In the trading statement it says that its “new flagship Big Data product, GIANT, is now in advanced stages of testing. Once launched, GIANT will be able to be deployed to either cloud, on premise or hybrid environments. Fusionex has conducted a number of paid pilots with clients, and full product launch continues to be targeted before the end of calendar year 2013.” GIANT could be a game changer for FXI as it is will be priced at a significant premium to the BI offering and with management claiming that 70% of existing customers have already expressed an interest in it, sales uptake could be pretty rapid.

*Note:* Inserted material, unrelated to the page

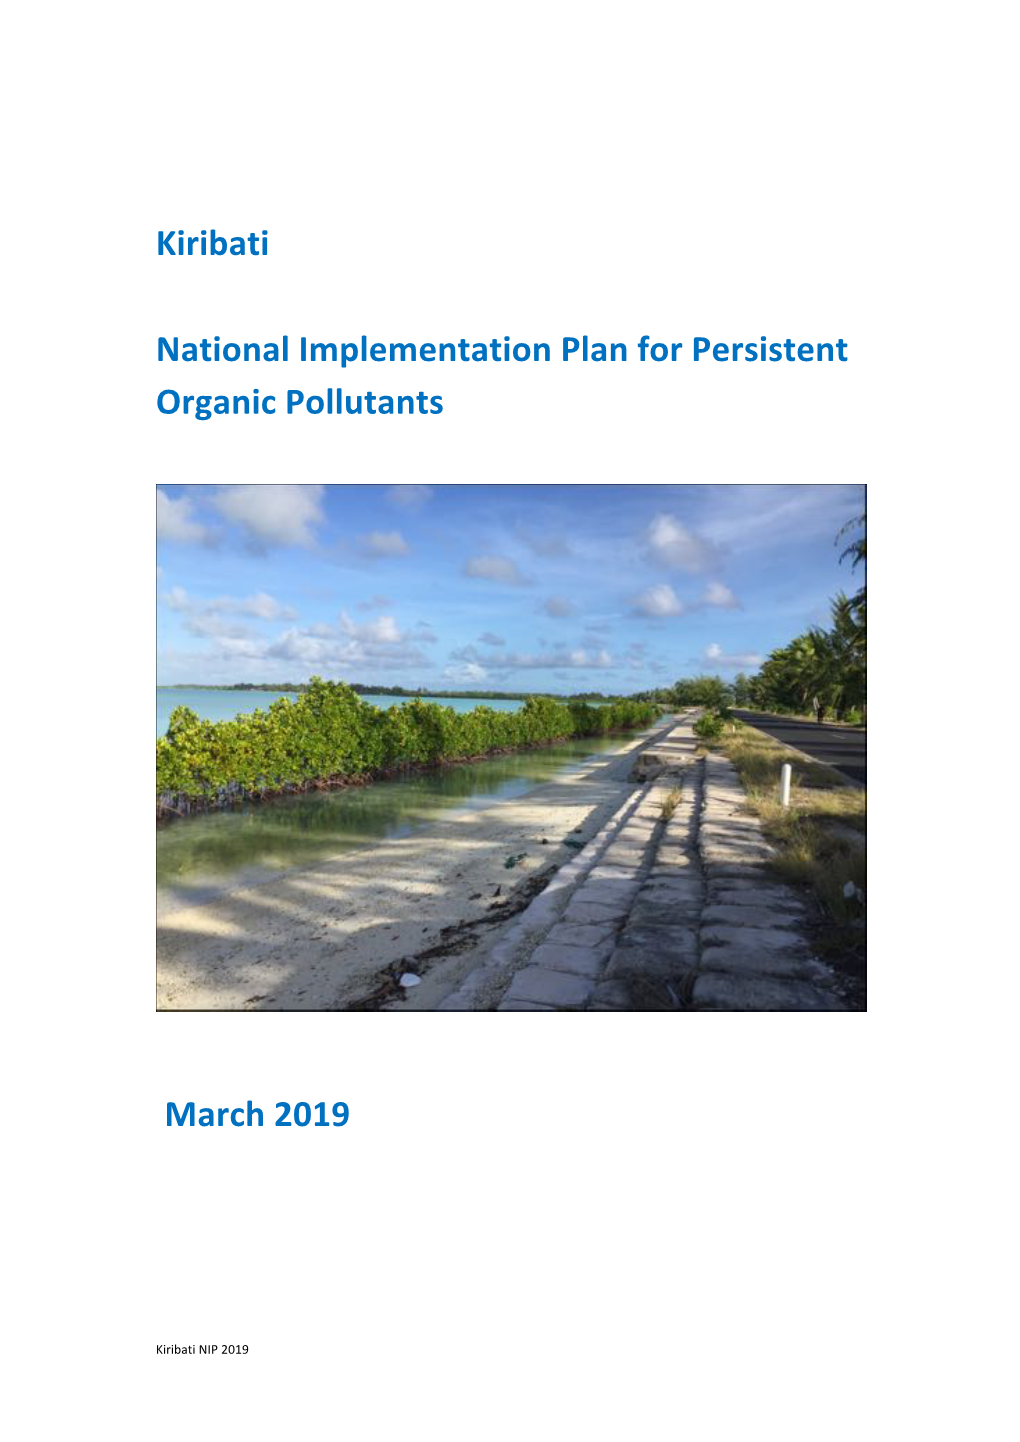 Kiribati National Implementation Plan for Persistent Organic Pollutants

The company is Malaysian based, reporting in Malaysian ringgits, and is building a substantial presence in the rapidly growing Far East region; it has recently opened offices in Hong Kong and Indonesia. In yesterday’s announcement it highlighted its first new client win in Hong Kong and the importance of its Hong Kong office as a “hub and gateway to North Asia (including China) and a region where management believes strong product demand continues to exist.” It went on to say “the Group has built a steady sales pipeline over the last few months in Hong Kong (which covers Northern Asia), and Management is therefore confident that it will progressively win more new business from Hong Kong and China.”

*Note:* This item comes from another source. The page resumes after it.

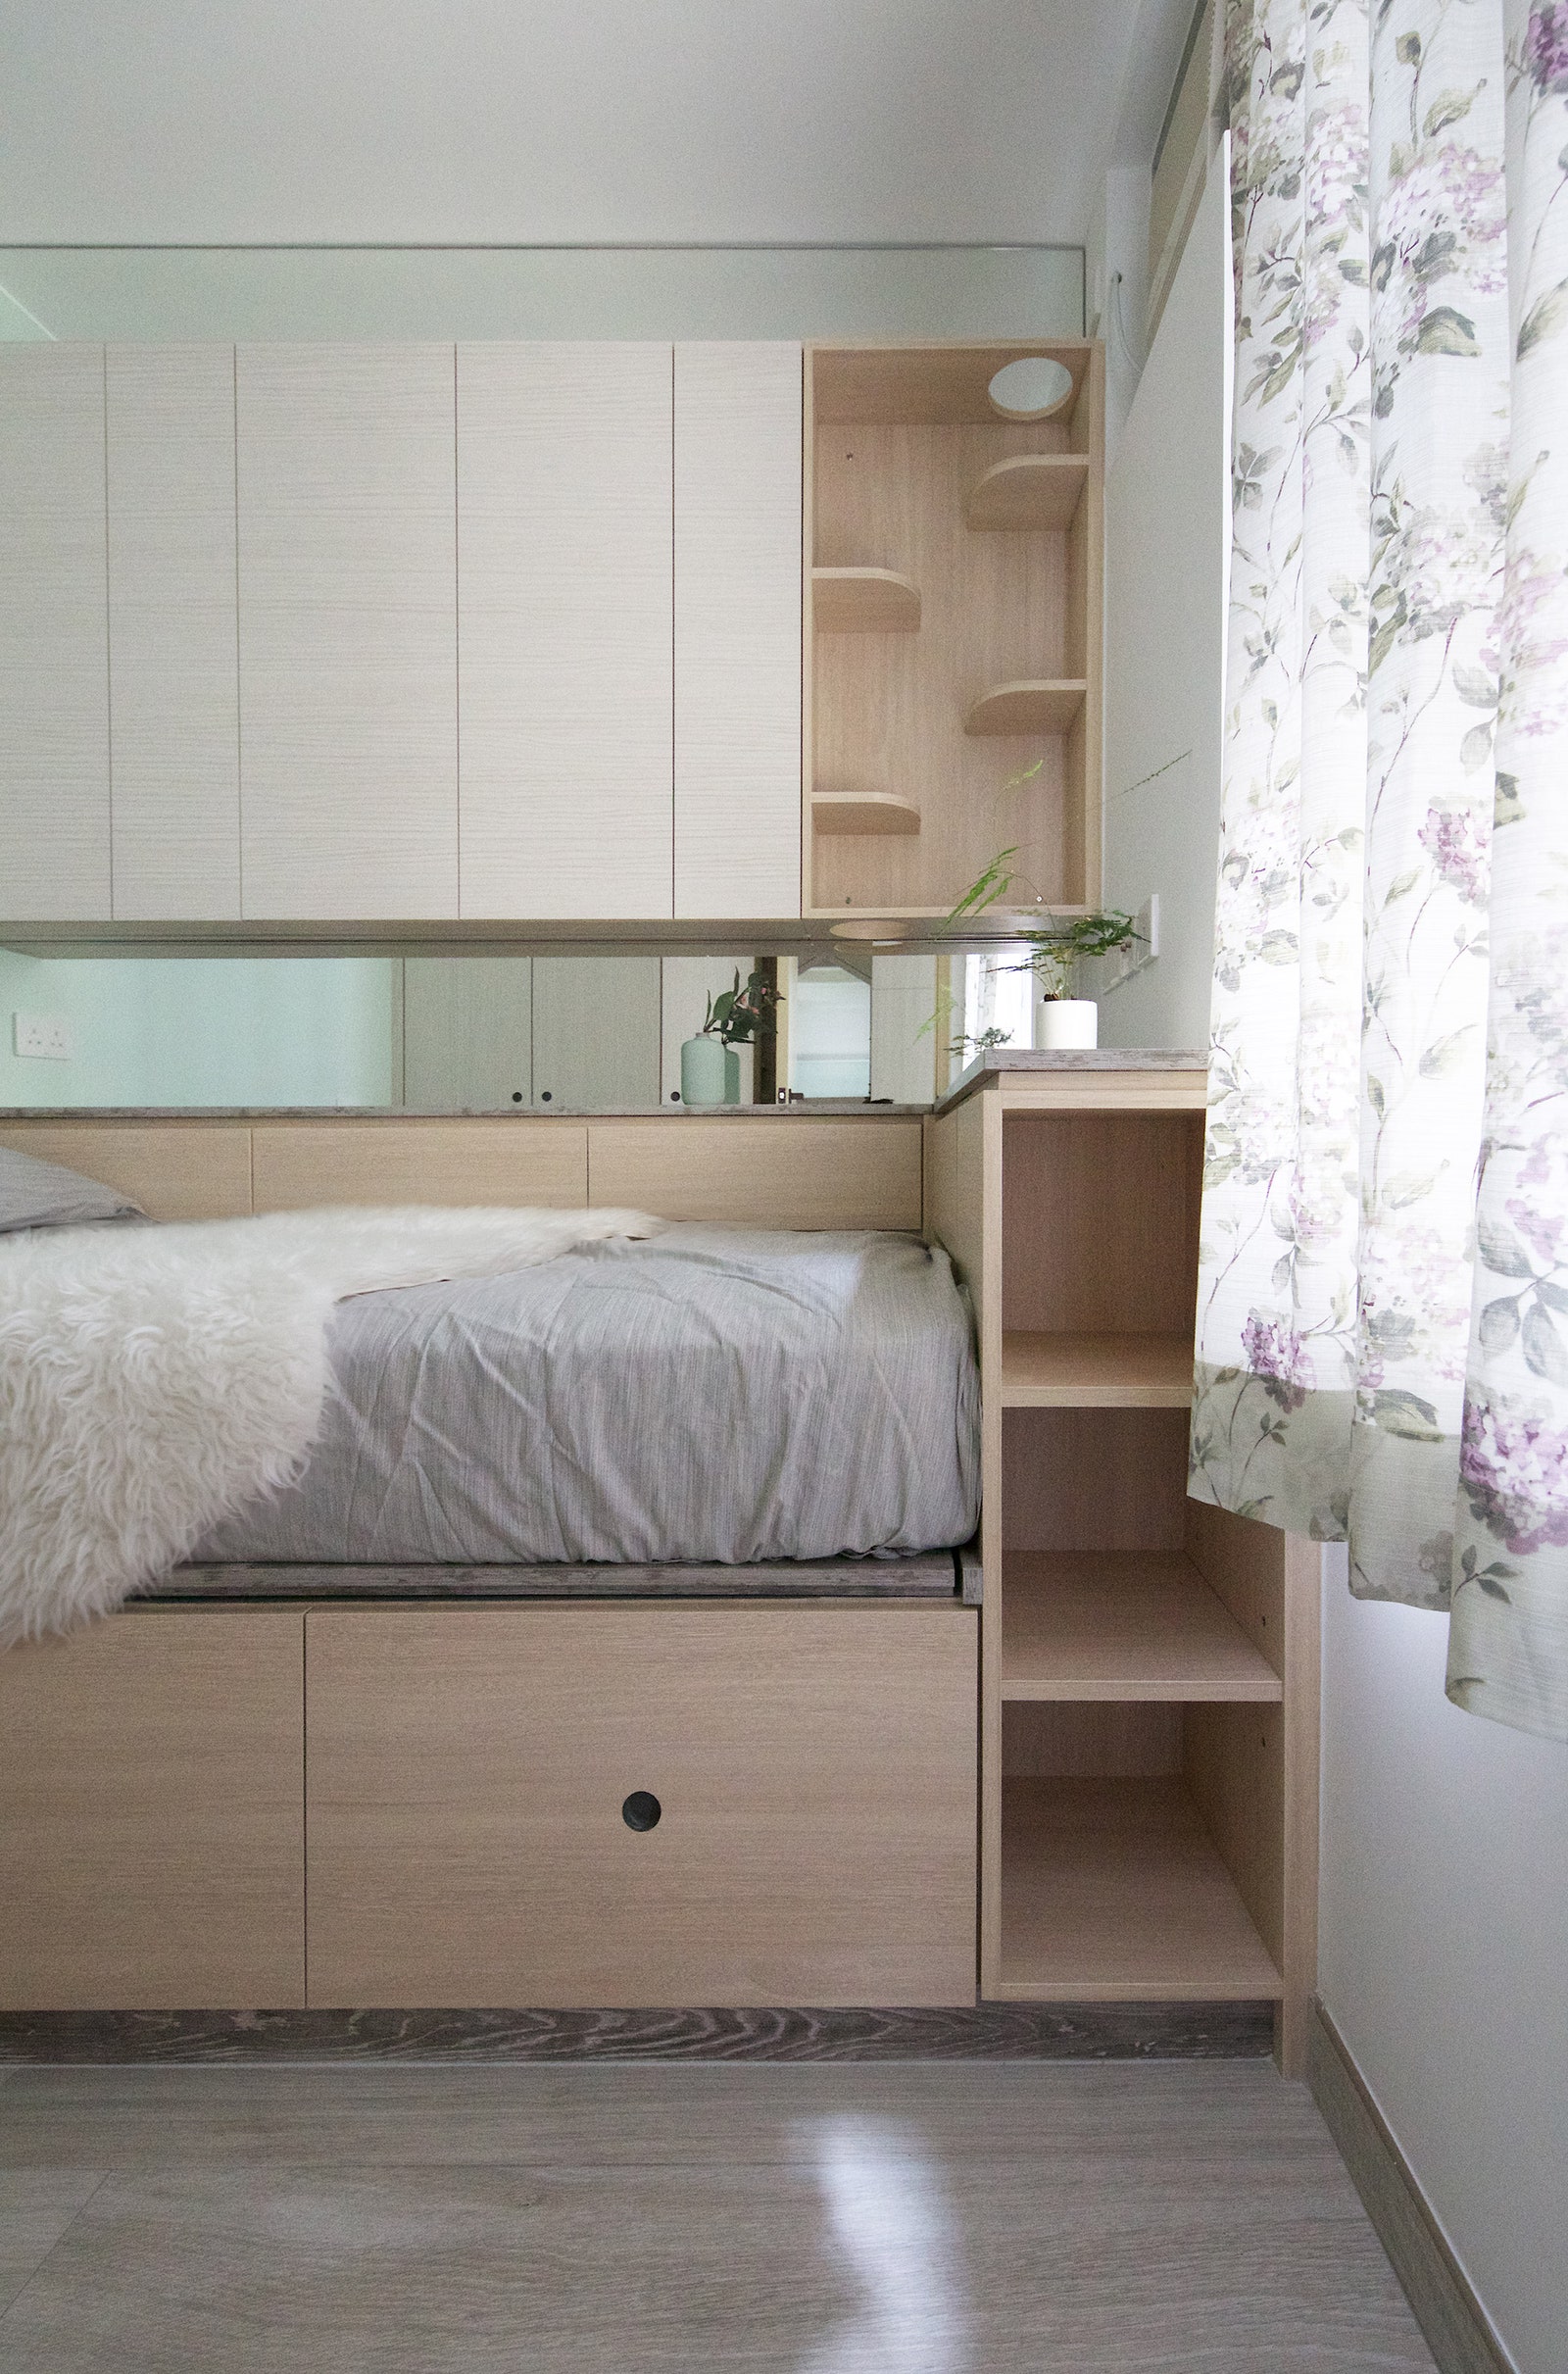 Дизайн квартирытрансформер для молодой пары с питомцами 42 м²

The Company has a strong reputation and has not yet had a customer leave them. It has a strong relationship with Microsoft where earlier this year it won its Asia Pacific Award for Business Intelligence. Its CEO and founder Ivan Teh owns 51% of the company and no shareholders sold at last year’s IPO.
Valuation; on the house forecasts of 46.8cents for September 2013, 57.7 cents for 2014 and 70.2 cents for 2015 the shares are valued at 35x Sept 13, falling to 28x and then 23.5x for 46% growth followed by 23% and 23% respectively. It generates cash and pays a dividend forecast at 10.5cents for September 2014, giving a yield of 0.6%.
Conclusion: Typically I would be scared off by a PE rating above 20, preferring stocks valued in the mid-teens. In this case, however, I think that there is a good chance that current earnings estimates will prove too cautious as growth exceeds expectations, especially as it rolls out GIANT. My confidence is also boosted by its superb list of clients (see website) and its strong relationship with Microsoft.